With that, everything is set up, and it’s time to launch the application.

Testing it out

Now for the actual fun—running your app! In the project directory run the following command to launch our keyword extractor application:

python app.py

Open your browser and head over to http://127.0.0.1:5000/. You should see your simple web app up and running. Input some text, hit the button, and—boom—OpenAI pulls out the keywords like magic.

Note: If you ran into any bugs during the production, don’t panic! Debugging is a part of development journey, and it will make you better as a builder.💪

Congratulations! You’ve built an efficient keyword extractor tool powered by OpenAI’s model. Here, we took a simple idea and turned it into a functional web app. Whether you’re extracting keywords for SEO, summarizing articles, or looking to do some text analysis, you now have your very own keyword extractor tool.

But it’s the beginning of your journey. You just laid the foundation and now you could take it in any sort of exciting direction.
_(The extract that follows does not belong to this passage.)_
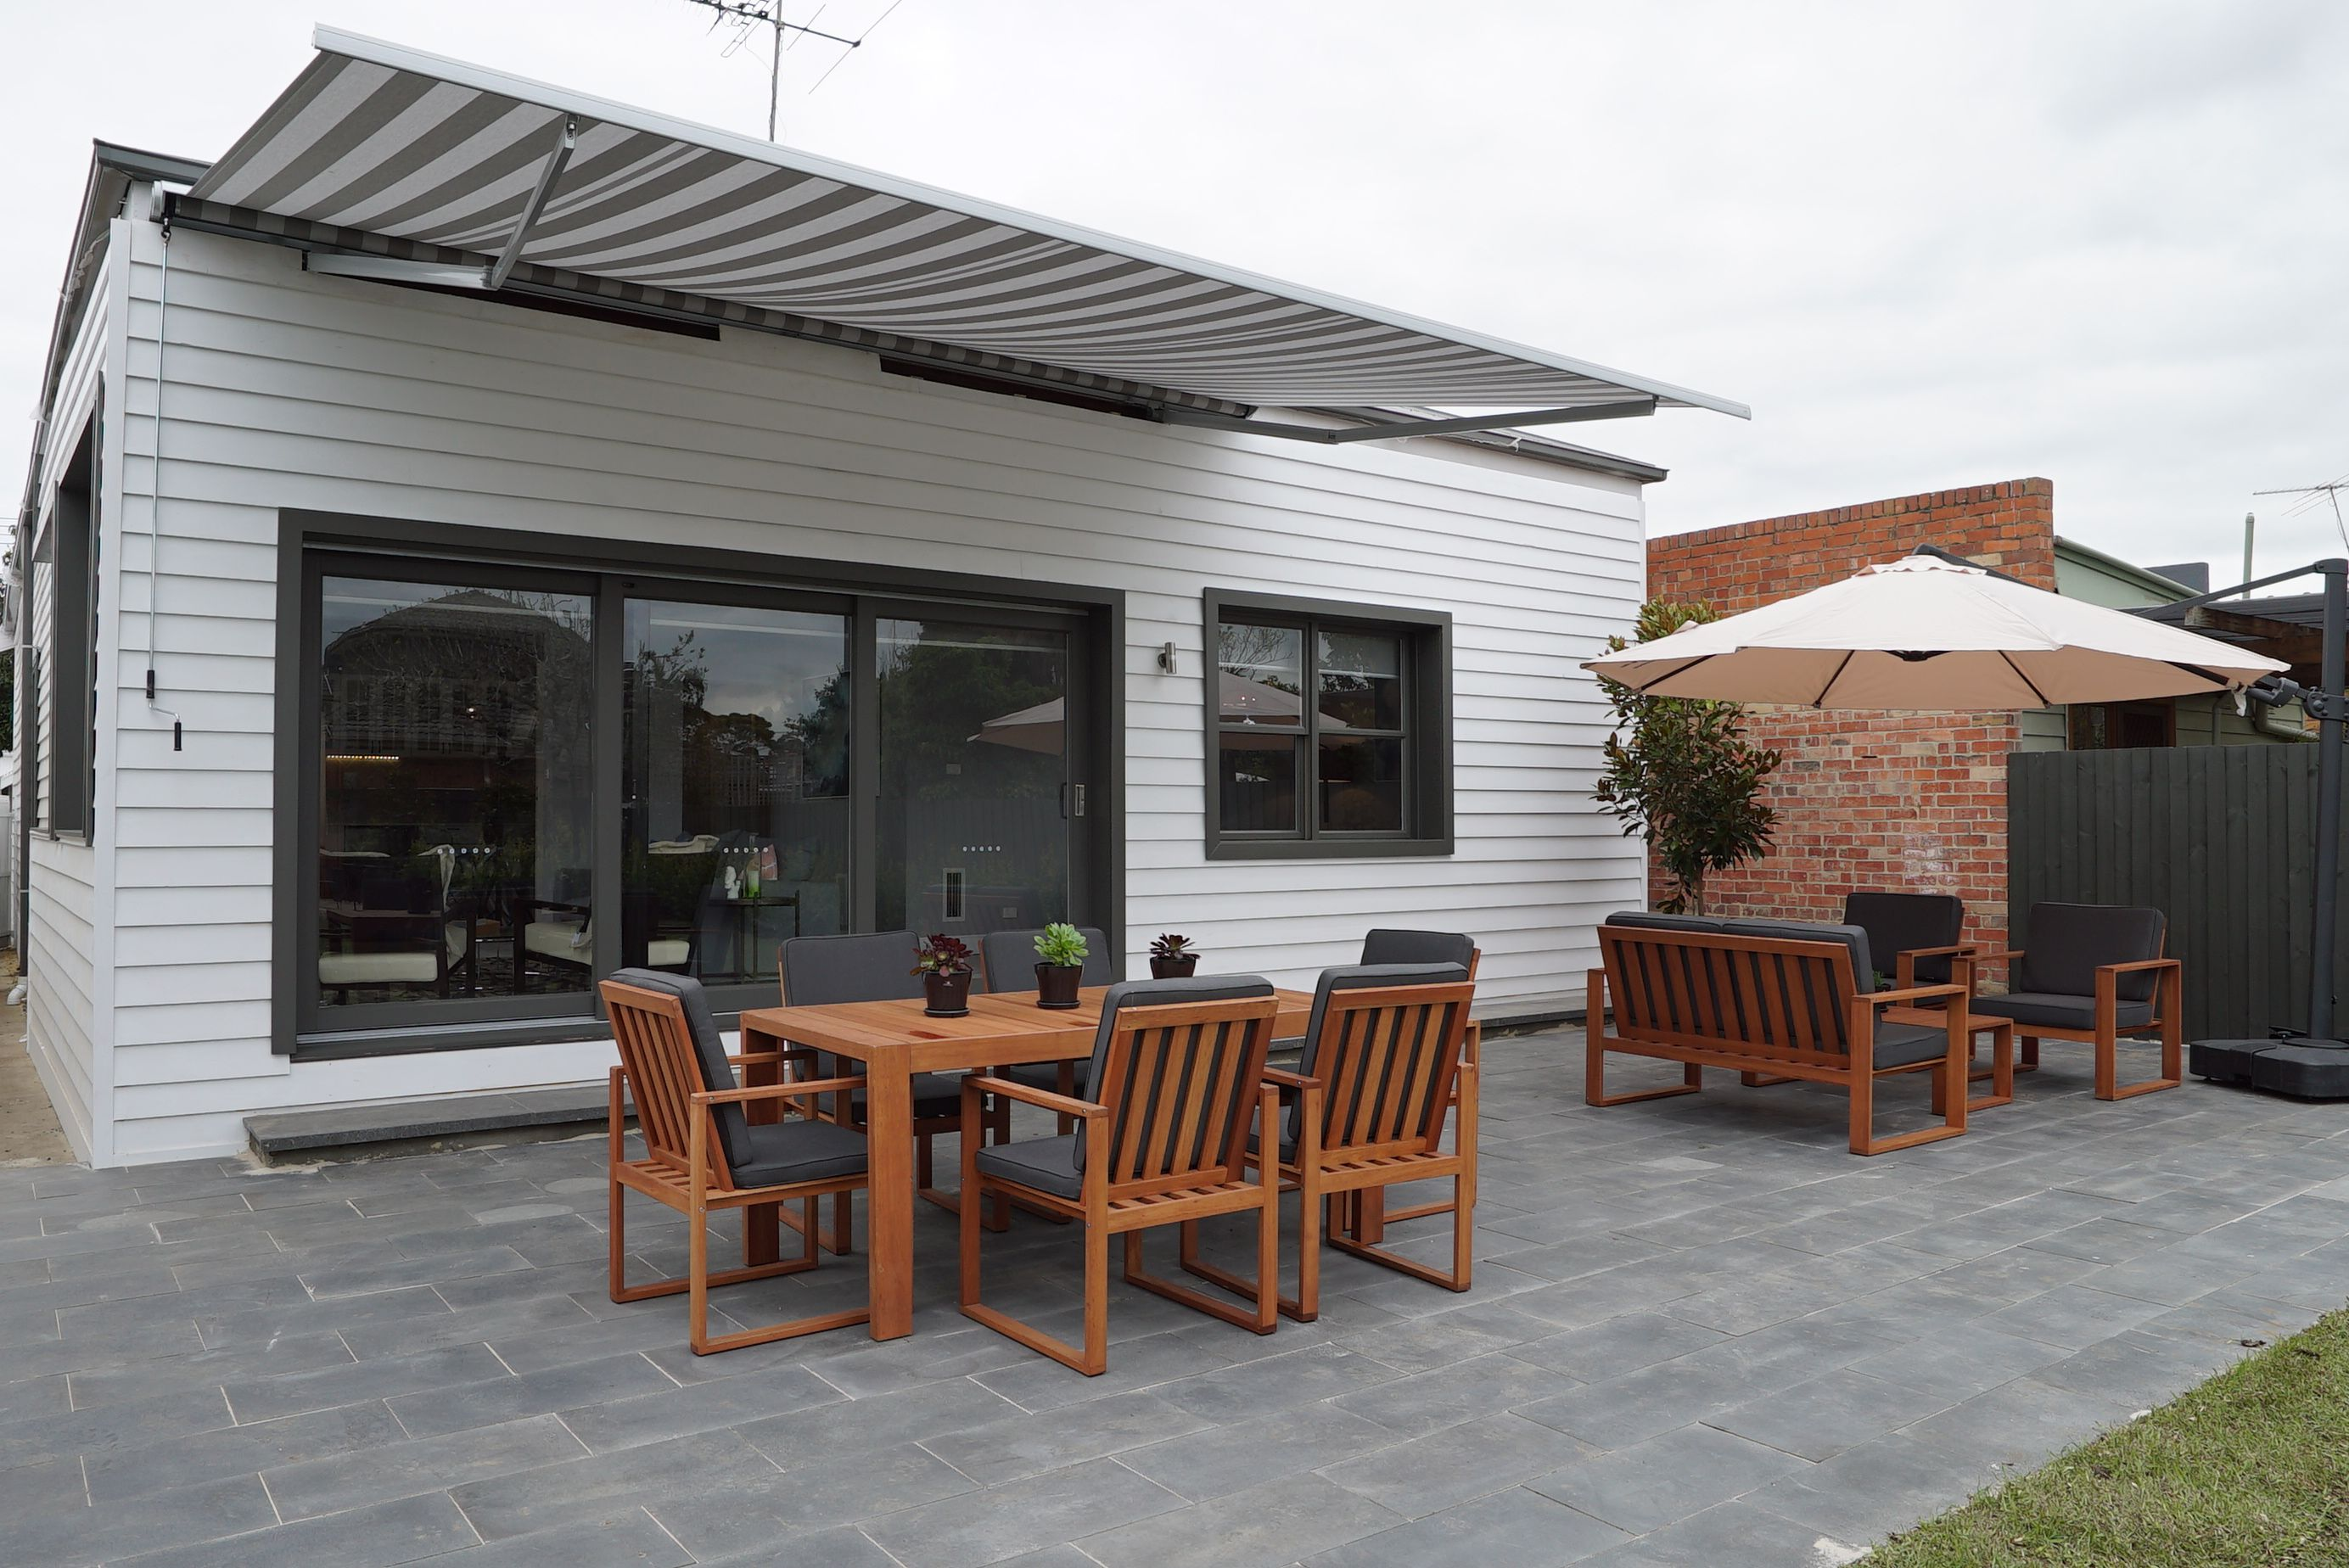 Pin On The Best Of Selling Houses Australia Season 9

I hope this collective journey be informative and super fun for you. Now you’re all good to extract these keywords as a pro! Keep coding! 😄

Explore more on Metaschool

If you found building an AI-powered code review assistant helpful, you might be interested in exploring more hands-on projects to expand your skills. Check out our other courses on Metaschool:

Explore these courses and more to continue your journey in AI on the Metaschool platform!

FAQs

Can I customize the number of keywords extracted?

Yes you can modify the OpenAI prompt in a file
Currently, the app extracts a standard set of keywords, but you can easily modify the OpenAI prompt to adjust the number of keywords or even ask for phrases. For example, you could modify the prompt to “Extract 5 keywords” for more control.

Is this app free to use?

The app uses OpenAI’s API, which may have usage limits or costs depending on your OpenAI plan. While small usage may be free, for larger-scale applications, you may need to upgrade your API usage plan.

How can I deploy this app so others can use it?

You can deploy this app on hosting services like Heroku, AWS, or DigitalOcean. Flask apps are relatively easy to deploy, and with the right configuration, your keyword extractor can be available online for anyone to use.